Do you know why spiders don't visit the site?

Source: Internet
Author: User
Tags log

Believe that a lot of stationmaster is same as small weave, every day there is the habit of viewing the site log, and then through the analysis of the log to understand the spider crawling in our site, of course, in this process small and medium-sized usually just look at the spider every day to crawl the number of my site, from this point can be intuitive to see the health of the site, But for many stationmaster, their website feels very perfect, but the spider does not crawl crawl, this undoubtedly has a very big blow to the stationmaster, so today small arranges specially to tidy up some spiders not to visit our website several reasons, below to share to everybody.

(a) Web site Flash, too many pictures.

Have to say, the major search engines have developed to the present, is quite intelligent, especially in recent years, the major search engine constantly updated algorithm, for example, in 2011 when Google launched the image search function, we can find from these images source page address, but after all, is the search engine, He still has a very small gap. However at this time many stationmaster, especially the enterprise station, in order to highlight the product, inserts the massive flash, the picture in the website, but everybody knows the search engine spider is unable to crawl the flash, and the picture file, therefore even our content in good, also can not let the spider crawl crawls. So for those sites there are a large number of pictures and flash sites, small series suggest that you use some simulation spider crawling tools to detect their own site, to see if it is because of this situation caused spiders do not visit our website.

(b) There are a lot of dead links on the website.

We fantasize that whenever the spider is happy to visit our website, crawling through the source of our site links, the thought can find some fresh good content, but is a lot of dead link waiting for it, so once, twice, three times, every time there is such a situation, So do you think spiders will have a good rating on your site and will crawl the content of your site again? Just like my website www.qqya.cc was just because a lot of 404 pages were crawled by spiders, caused that section of the site content is not indexed by search engines, so later small series in the observation site log found spider Crawling page contains a status code of 404 of the page before it dawned, so also immediately to these 404 pages to clear , shielding, and in that period of time sent a lot of outside the chain, then the web site spider crawling crawl also normal.

(iii) outside the site chain and nofollow tags.

Spiders can often visit our website reason, believe that a large part of the chain is attracted, so for the friendship of the chain, we also need to constantly observe, lest did in vain. Believe that a lot of stationmaster this time should ask, why so say, how to judge the friendship degree of the chain? In this small series is done, every day to check the number of spiders visit our website, but also to check the spider's entrance, through these entrances to determine whether we do the chain is valuable, so a daily summary, The effective chain records down, then time to build our own outside the chain resource database slightly, of course from these data we can also determine those are useless outside the chain, for example, with the nofollow tag of the chain (such as Baidu experience) for this kind of words we will not do in the future, because it is futile ah.

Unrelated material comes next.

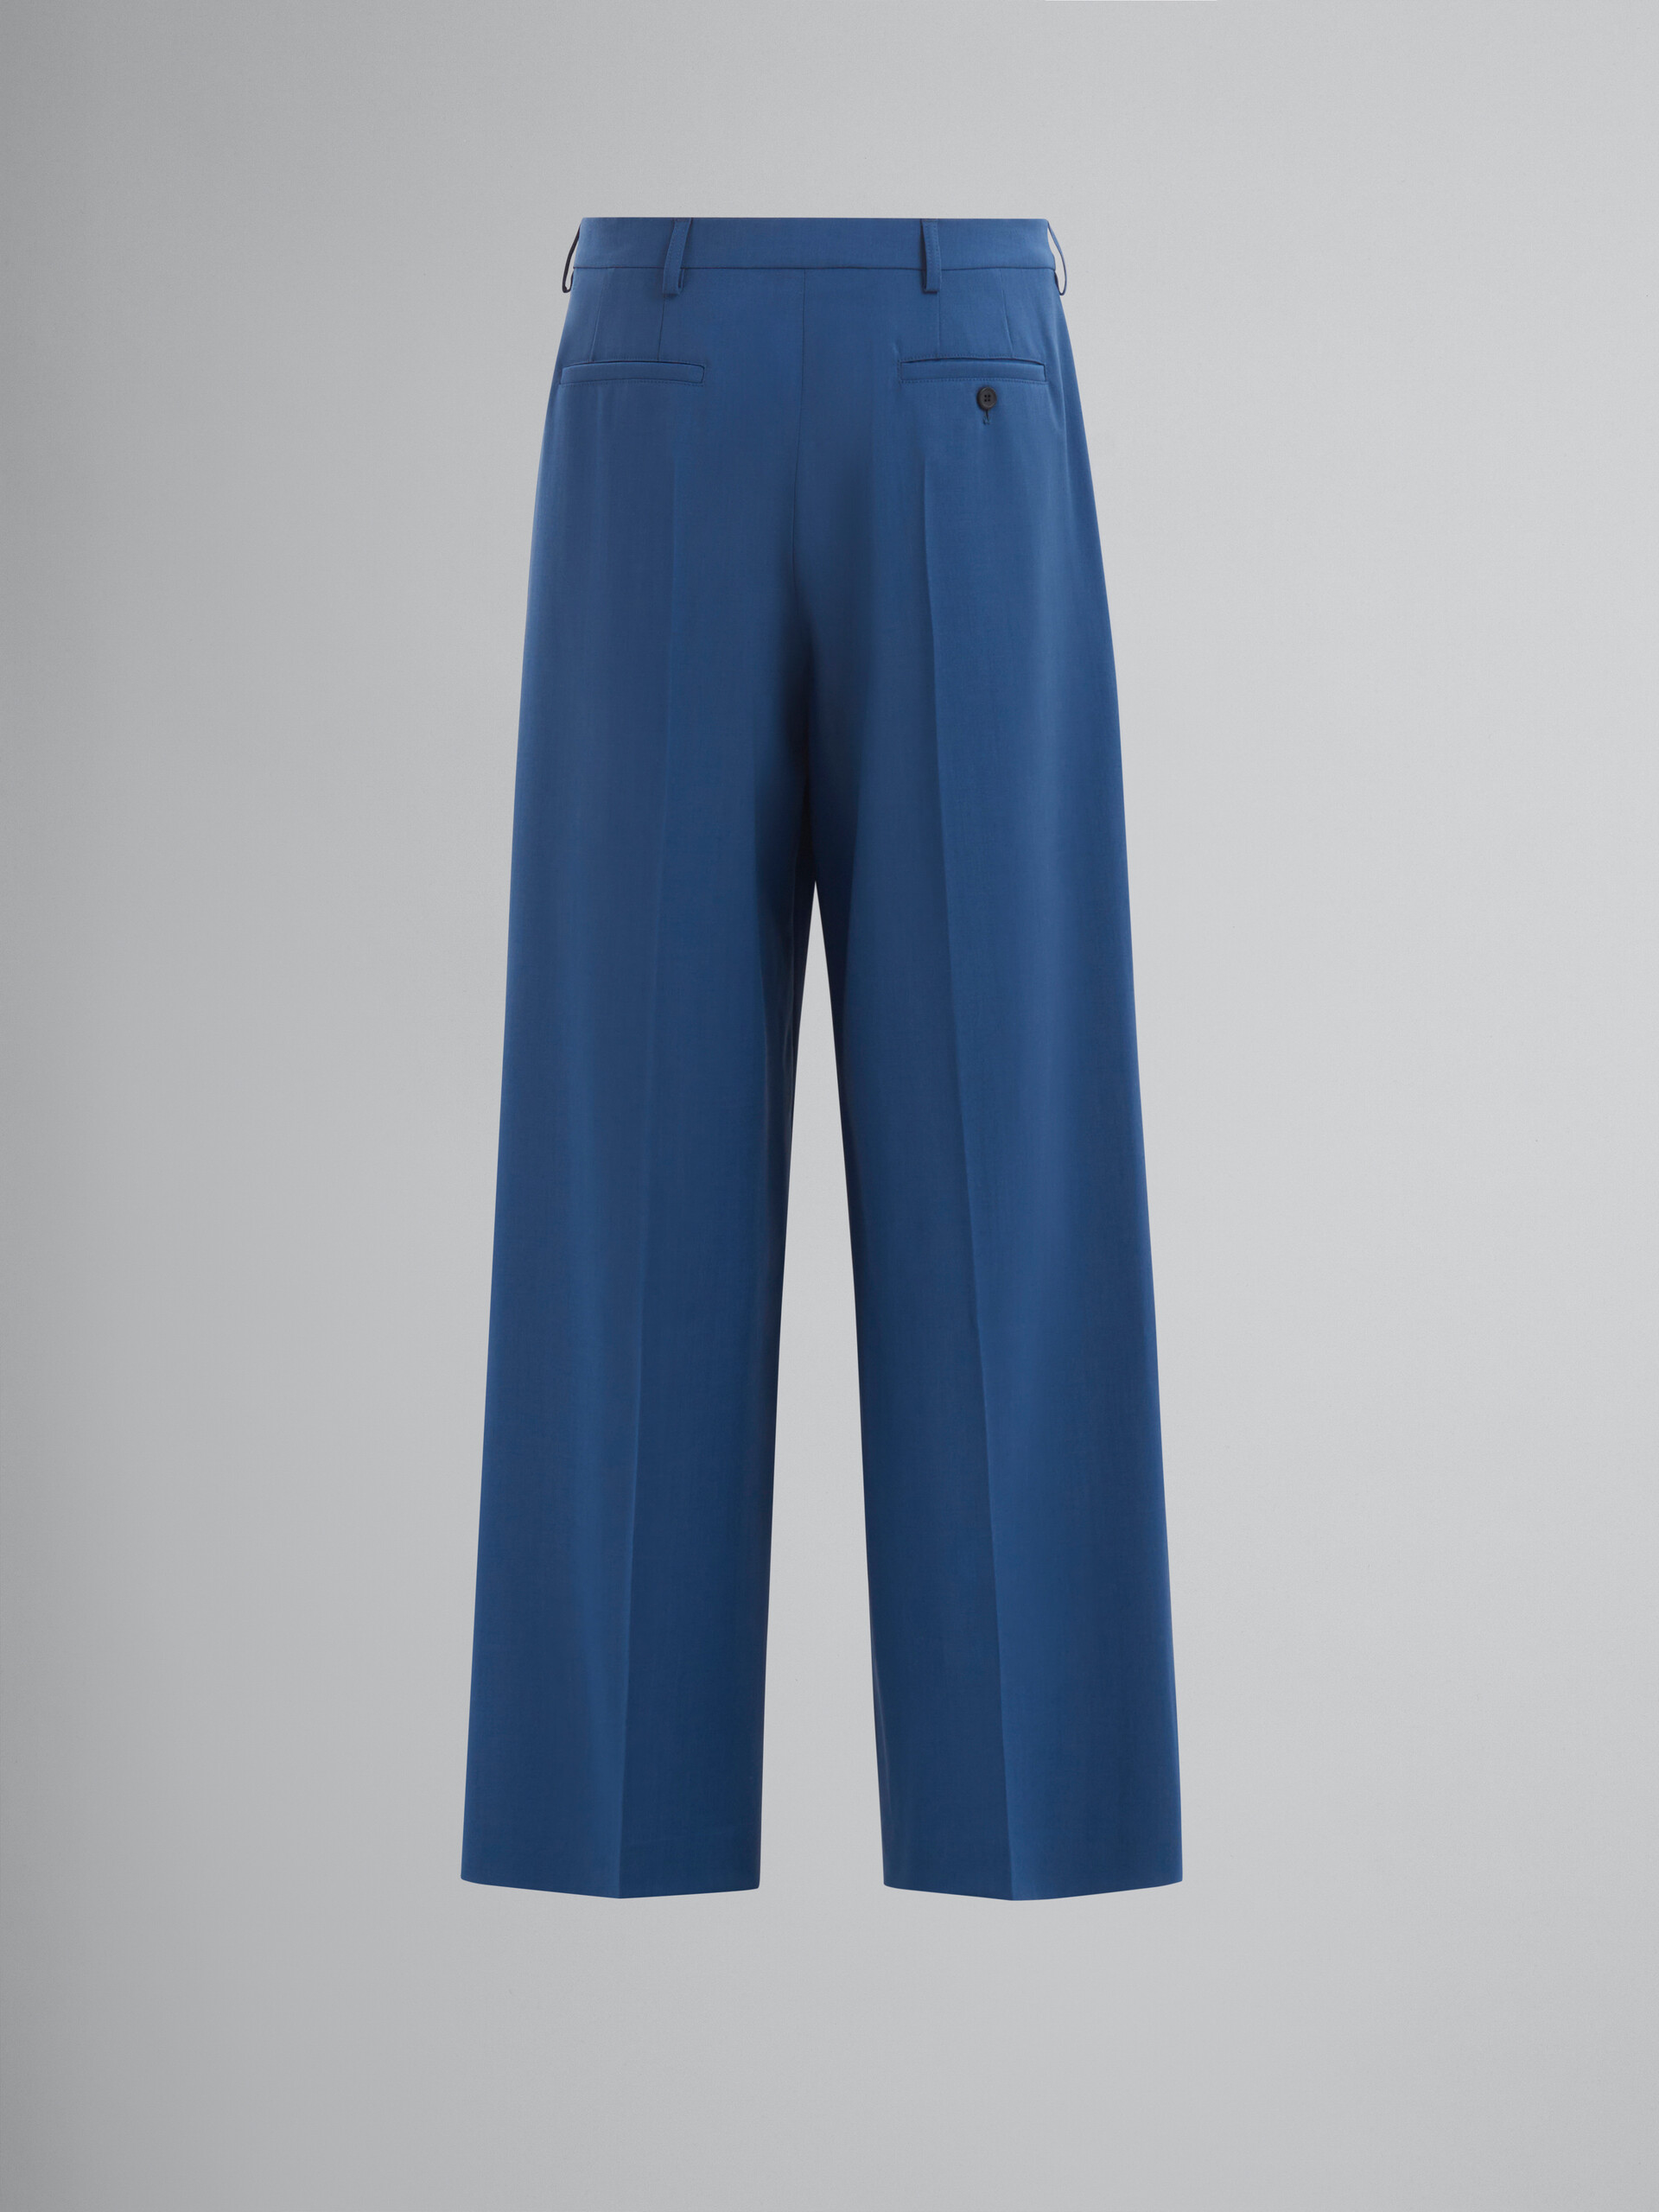 Pantalones azules de lana y mohair con pliegues - Pantalones - Image 2

(iv) There are complex codes in the Web site that are structured.

As we all know, the spider is through the site's source code to visit our website, so we need to optimize our site code, because the lengthy code on the site does not have any meaning, and will affect the speed of our site open, and will make spiders disgusted. The other is that the structure is also not conducive to crawling spiders crawl, because usually spiders are the first to visit our home page, and then to grab columns, in the crawl content of such activities, however, such activities are usually limited by spiders within 3 times, so too complex, and the weight of the site is not high, is not conducive to spiders crawling oh.

(v) the wrong site map.

Site map is to let spiders quickly understand the entire structure of our site a page, then a good site map, spiders will crawl to bring a quick entrance. Of course, if there is a large number of dead chain error map, will undoubtedly destroy the entire Web site crawling state, so we do in the site map must be cautious.

Summary: In fact, spiders do not visit our site, in addition to the above mentioned above, there are many other reasons, such as illegal content, a large number of collected content, yellow malicious information and so on are likely to cause our site is not search engine spiders crawl, so the specific details of the problem, We also have to judge from the line according to our own website log. Today to write here, this article by the http://www.name2012.com/game name site long original share, reprint please bring the link, thank you.



Contact Us

The content source of this page is from Internet, which doesn't represent Alibaba Cloud's opinion; products and services mentioned on that page don't have any relationship with Alibaba Cloud. If the content of the page makes you feel confusing, please write us an email, we will handle the problem within 5 days after receiving your email.

If you find any instances of plagiarism from the community, please send an email to: info-contact@alibabacloud.com and provide relevant evidence. A staff member will contact you within 5 working days.

A Free Trial That Lets You Build Big!

Start building with 50+ products and up to 12 months usage for Elastic Compute Service

  • Sales Support

    1 on 1 presale consultation

  • After-Sales Support

    24/7 Technical Support 6 Free Tickets per Quarter Faster Response

  • Alibaba Cloud offers highly flexible support services tailored to meet your exact needs.